Archive for March, 2008
Viajando
Monday, March 17th, 2008Freqüentemente visito o blog de um projeto chamado Beira de Estrada que é uma coletânea fotográfica de Minhas Gerais. As fotos são feitas pelo fotógrafo Leo Drumond, que tem uma sensibildade absurda e consegue captar lindas imagens, que sempre me tocam de um jeito ou de outro. Essa sessão me tocou muito, com fotos de vários tipos estradas, úmidas, secas, esburacadas, esverdeadas, interrompidas, coloridas, embarradas, divididas, escuras e brilhantes.
Fiquei pensando na quantidade de caminhos que eu já percorri nessa minha vida de 24 anos de idade. E os muitos outros que ainda vou percorrer. E sempre me passa pela cabeça os motivos de percorrê-los; os esforços feitos; o objetivo desse processo todo. Me vêem à cabeça muitas idéias absolutamente clichês sobre construir uma vida, uma história. Sei lá, só sei que às vezes me dá uma canseira. : )
Finalmente o vídeo do show do Mika
Wednesday, March 12th, 2008Então, consegui “uploadear” o vídeo da última música do show: Lollypop. Foi sensacional, uma catarse… eles jogaram muitos balões no público. Pra explicar o comecinho… teve um teatrinho onde vários membros da banda estavam vestidos de bixinhos, inclusive o Mika… e fizeram uma encenação.
Aí vai!
Acessórios perdidos
Thursday, March 6th, 2008“Se Londres tivesse um “achados e perdidos” ele seria algo de proporções gigantescas. Aqui as pesoas precisam se encher de acessórios. Existe um mínino de coisas com as quais tu tem que sair de casa no início de um dia: manta, chapéu/toca, luvas, alguma coisa pra ler, ou fones de ouvido pra escutar música, o teu Oyster Card (cartão do Tube), manteiga de cacau pra passar na boca, creminho hidrante…
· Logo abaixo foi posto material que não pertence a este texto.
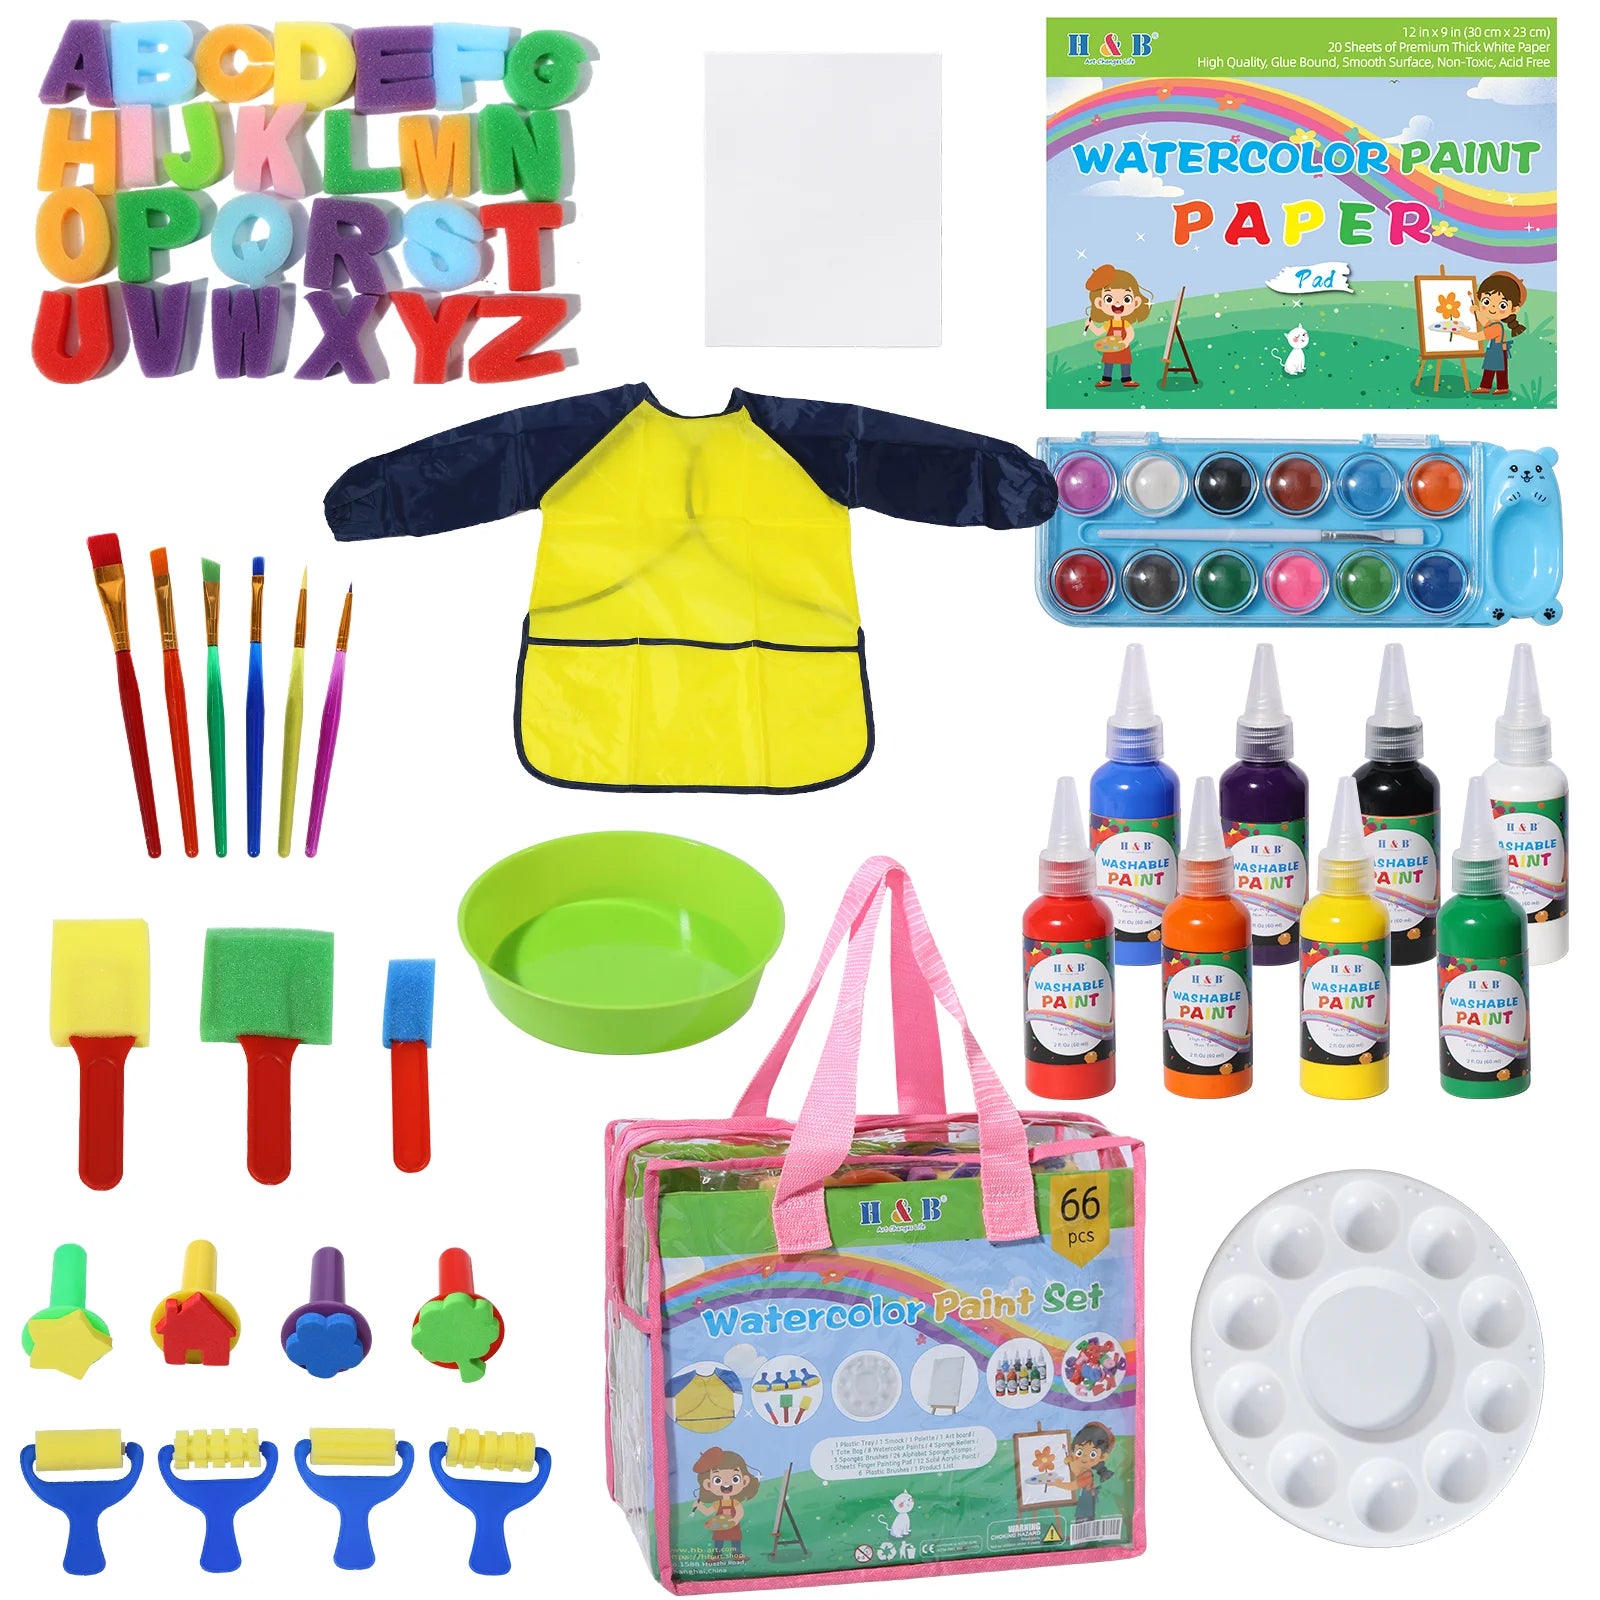 Washable Paint for Kids, 6 Count Finger Paint Set with Waterproof Kids Smock Toddler Painting Supplies Set

É um tira-e-bota (manta, casaco, boina) que fica até engraçado: em casa é calor; na rua é frio; no tube é calor na rua, frio de novo. No ônibus? Calor. Na calçada novamente: frio e umidade. Então por toda parte são luvas, toucas, e mantas jogadas no chão, abandonadas, molhadas, perdidas. Esses dias encontrei uma tão bonitinha que fiquei com pena, peguei pra mim, dei um banho quente, lavei direitinho e pimba, incorporei ao meu guarda-roupa”.
Escrevi isso há mais ou menos um mês e meio atrás, quando achei a touquinha cinza que aparece na foto.
Alguns dias após escrever esse texto, descobri que a dita cuja tinha vida própria.
Estava eu com minha touquinha (depois descobri que ela nunca havia sido minha, nunca se entregou…) no ônibus e não é que ela voltou para seu caminho? Pois é, ela era uma touca viajante, andarilha, que não gostava de se prender. Desci do ônibus e ela resolveu permanecer lá, continuou sua aventura de se encaixar nas cabeças que encontra por Londres.